Neuron - Source: Wikipedia / Creative Commons
McCulloch, Pitts and Rosenblatt realized that a simplified version of this neurological process could be used to implement a self-learning computer function. They understood that the brain is able to update the strength of its neural connections automatically over time as it gains new experience, and that these neural adjustments are how people learn concepts and store memory. Based on this “connectionist” approach, they pioneered a completely new approach to computer science.
The Small but Mighty Perceptron
Rosenblatt’s artificial neuron, the perceptron, was a popular early implementation of this neurological architecture. The perceptron was designed to be a simple electronic representation of a single neuron. Like a real neuron, it received input, performed a calculation and “fired” if a certain threshold was met. In addition, it updated its connection strength based on its experience, and thus was able to “learn” from experience. Although relatively simple by today’s standards, the perceptron still forms the basis for a class of powerful prediction algorithms. For example, we could use the perceptron to create a program to detect fraudulent credit card transactions. We would do this by compiling a large list of existing transactions that we know to be either legitimate or fraudulent, and feeding the dataset to the perceptron to learn to predict fraud.
The perceptron algorithm takes a series of numbers as inputs and runs them through a set of corresponding numerical weights. The inputs are analogous to a neurons’ dendrites receiving electrical impulses, the weights represent the connection strength between neurons, and an activation function determines if the threshold has been reached. (Fancier options for the activation function came later, but the original perceptron used a very simple activation function called a step function that simply returned 1 if net input is above the threshold, or 0 otherwise.)
In the perceptron algorithm, the inputs are multiplied by their corresponding weights, and the results of these products are added up. The resulting number, the net input, is then checked against the threshold. If it’s above the threshold, then the perceptron “fires” and outputs a 1, otherwise it outputs a 0 (this is called the Step function).
The secret sauce of the perceptron, however, is not the method by which it calculates an output, but how it learns from its mistakes and updates its weights to improve performance. It does this by first comparing its output (a 1 or 0) against the actual outcome in the training data. Next, it subtracts its predicted outcome from the real outcome—the difference representing the training “error.” Then, it multiplies the error by a learning rate (a number between 0 and 1) that determines the extent to which new information should impact the existing weights. A low learning rate means less stock will be put into the new information it learns, and a high number means that new information will more quickly override older information. (This similar to the learning rate we discussed in the Q-Learning algorithm in the last article.) The resulting number represents the amount the weights should be adjusted, or the “change-in-weights.”

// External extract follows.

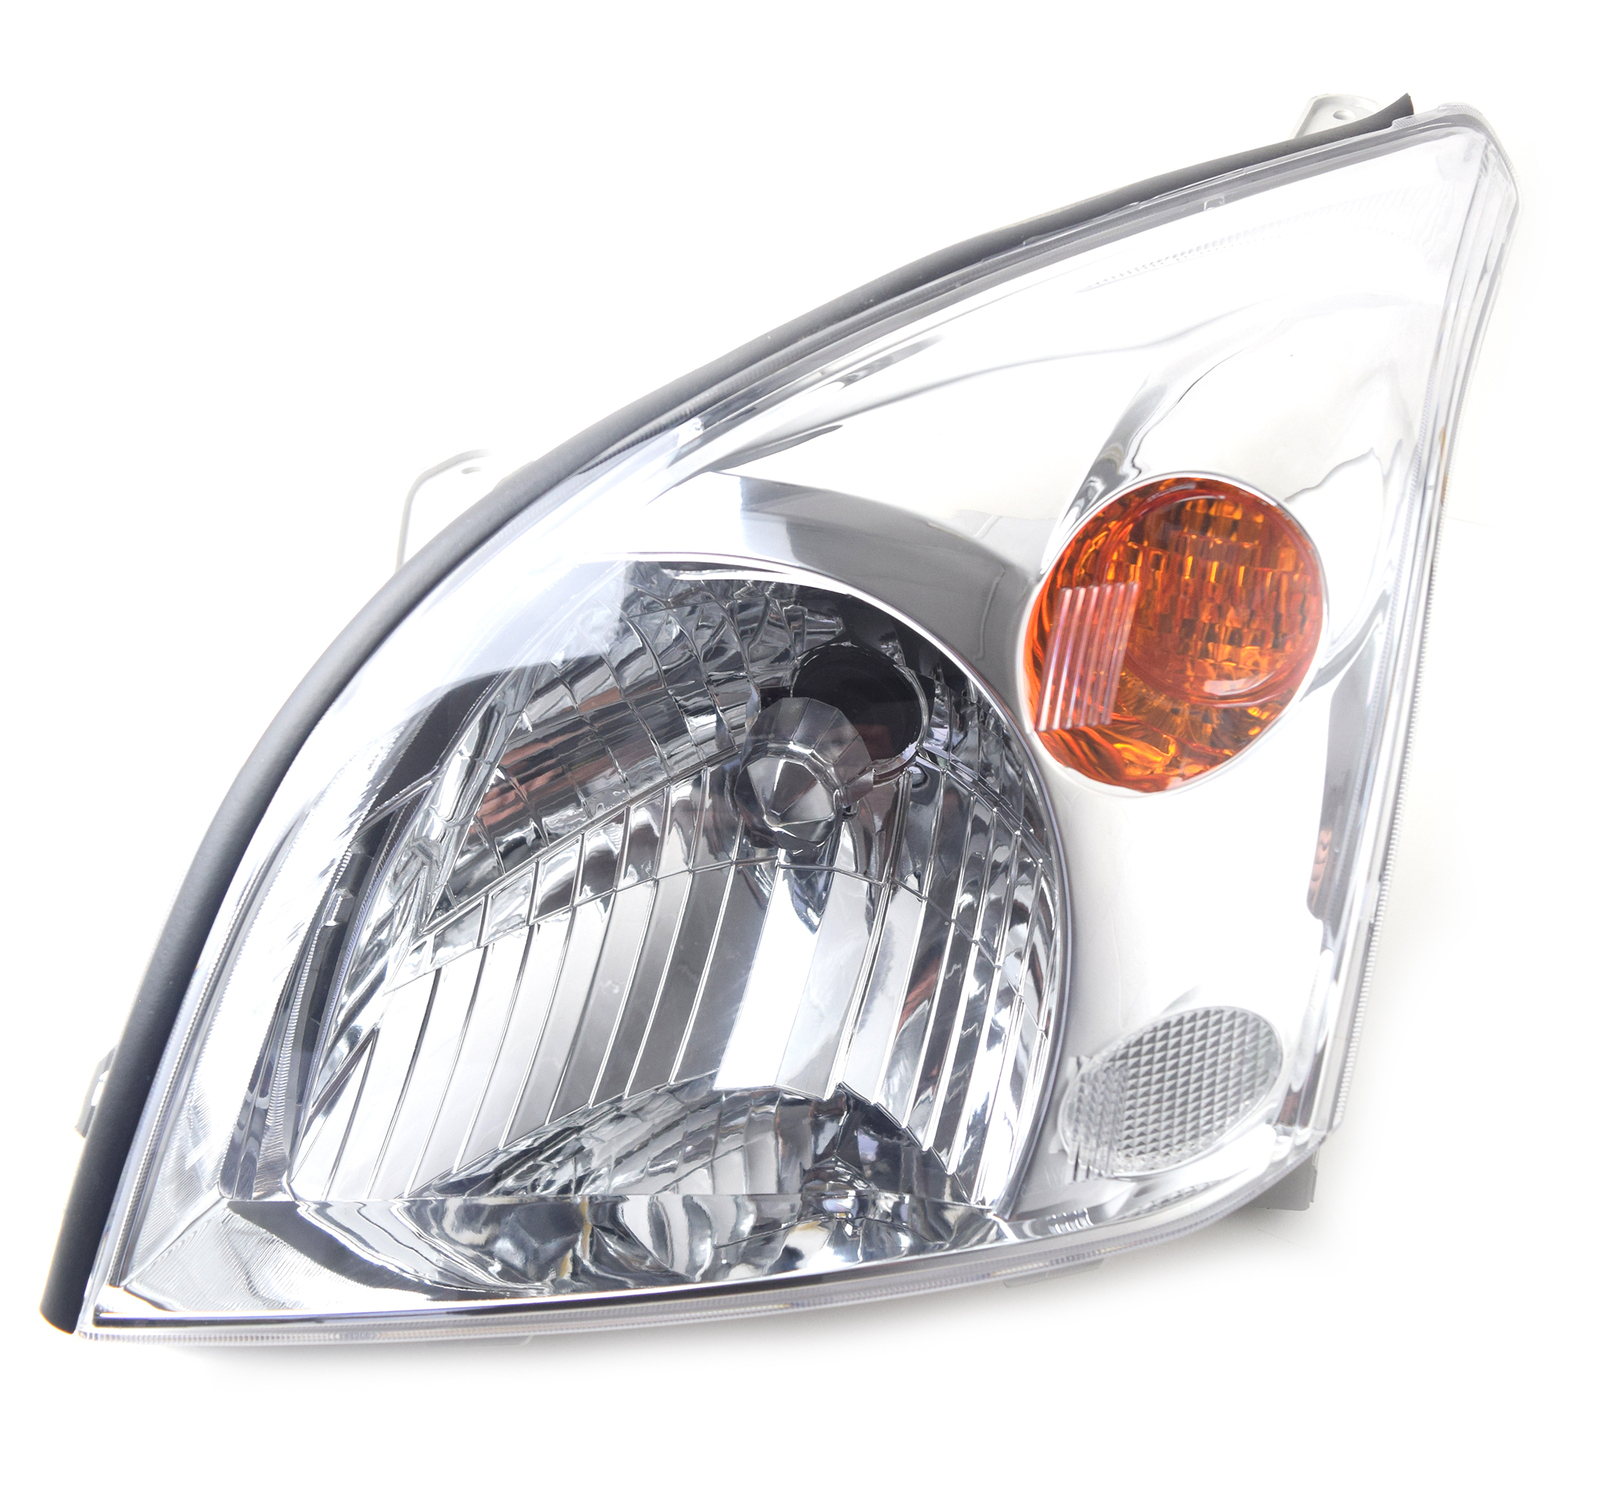 Toyota Landcruiser Prado 120 series LH Headlight Head Light Lamp 2002-2009
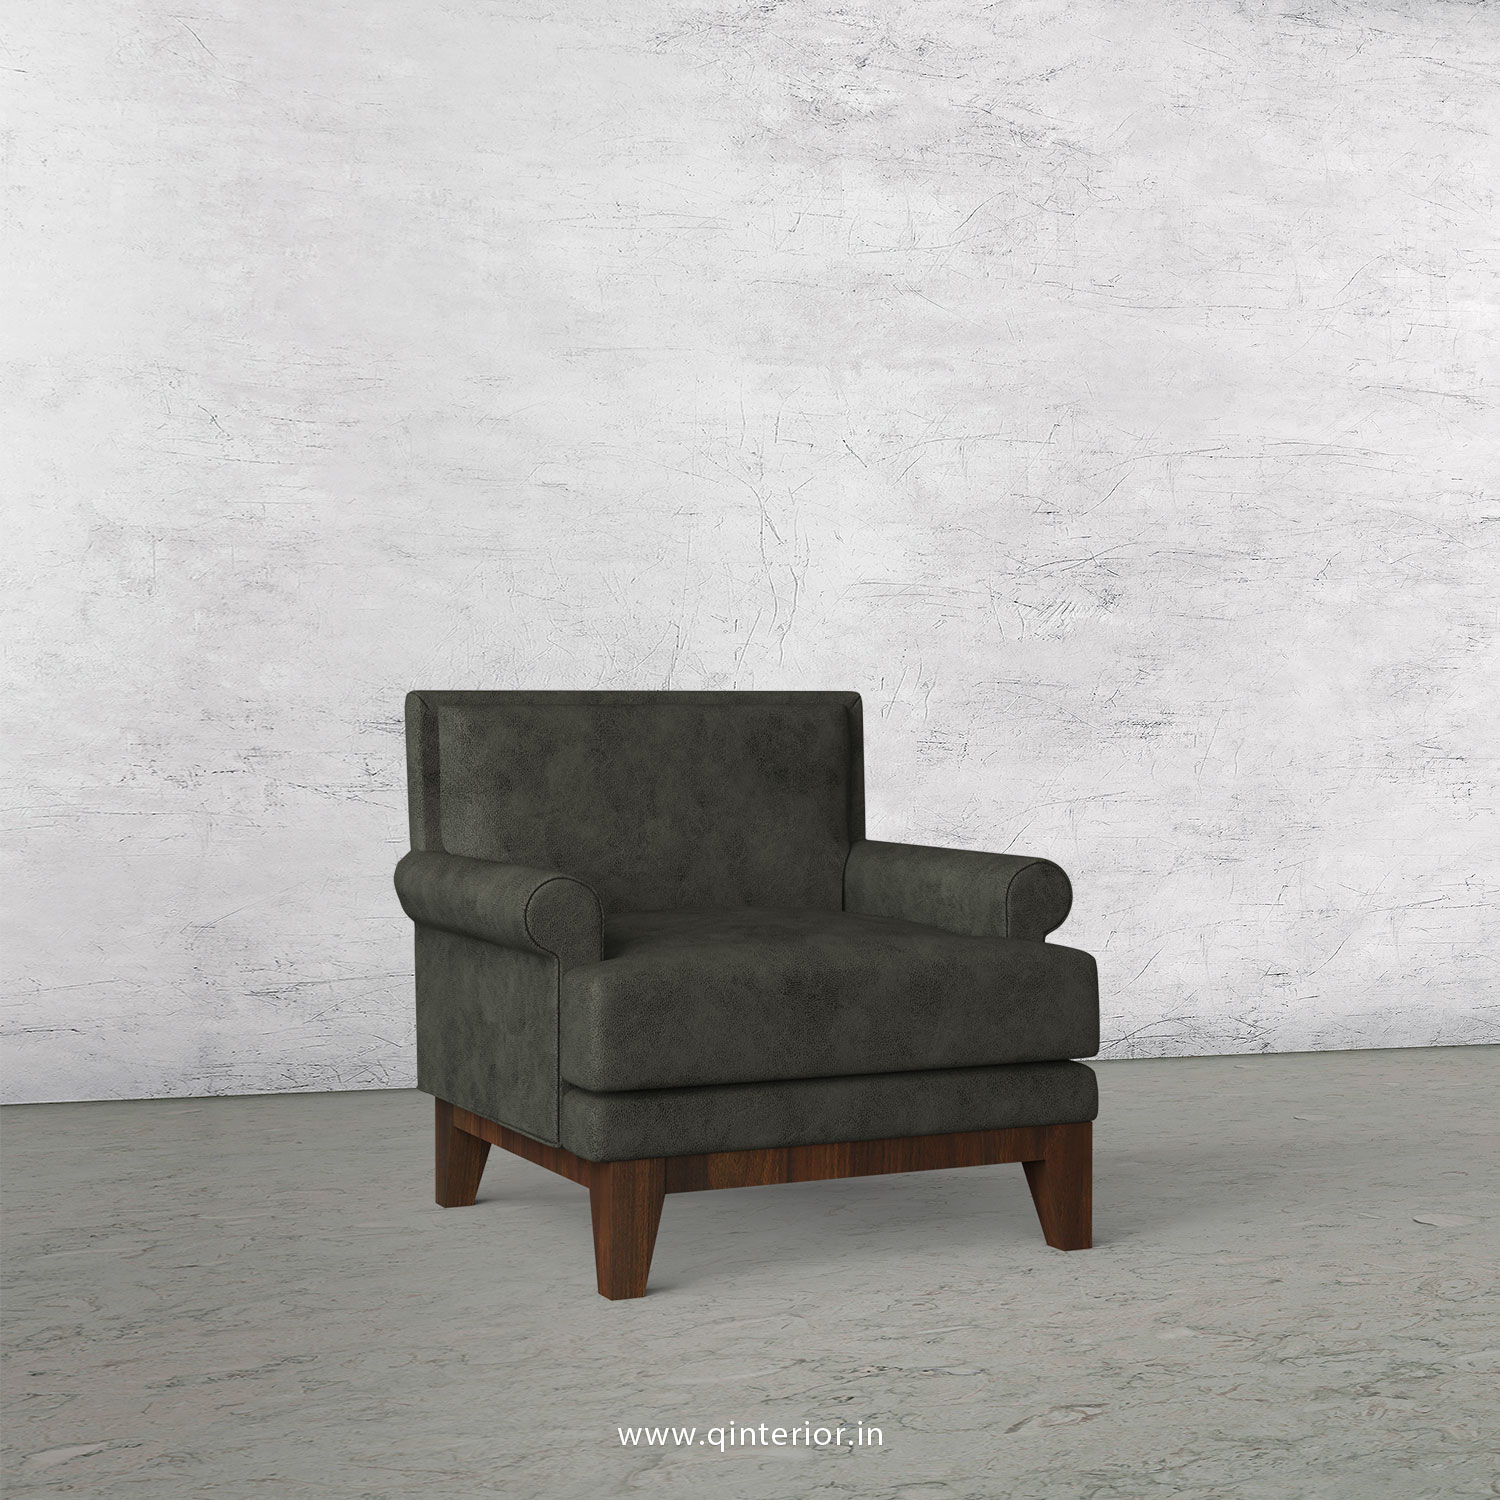 Aviana 1 Seater Sofa in Fab Leather Fabric - SFA001 FL07

Finally, the perceptron adds the change-in-weights to each one of the existing weights, and the perceptron now has an updated set of weights that yield a more accurate outcome. This is how the perceptron learns, by using its weights to try to calculate an outcome, checking the outcome against the actual result, and adjusting its weights accordingly. The more training data the perceptron is fed, the more this process repeats itself, and the more accurate the perceptron’s output becomes.
Now that we understand how the perceptron works, let’s see how it could be used to implement our credit card fraud detection system. First, we would need to compile a large list of transactions that we already know are either legitimate or fraudulent. This dataset would have one row per transaction, and it would contain several columns that quantitatively describe each transaction, such as the transaction amount, time of transaction, transaction location, number of transactions within the last 24 hours, etc. These columns are called “features” in ML parlance and the rows are called “samples,” “training examples,” or “observations.” The known outcome (fraud or not) for each transaction is called the “label.” The features would be used as the inputs for our perceptron (in actuality, the original perceptron only accepted binary input—a 1 or 0—but modern-day neural networks can accept any old number). Then, we would let the perceptron’s output represent the outcome we are trying to predict, a 1 if the transaction is fraudulent, 0 if it’s legit.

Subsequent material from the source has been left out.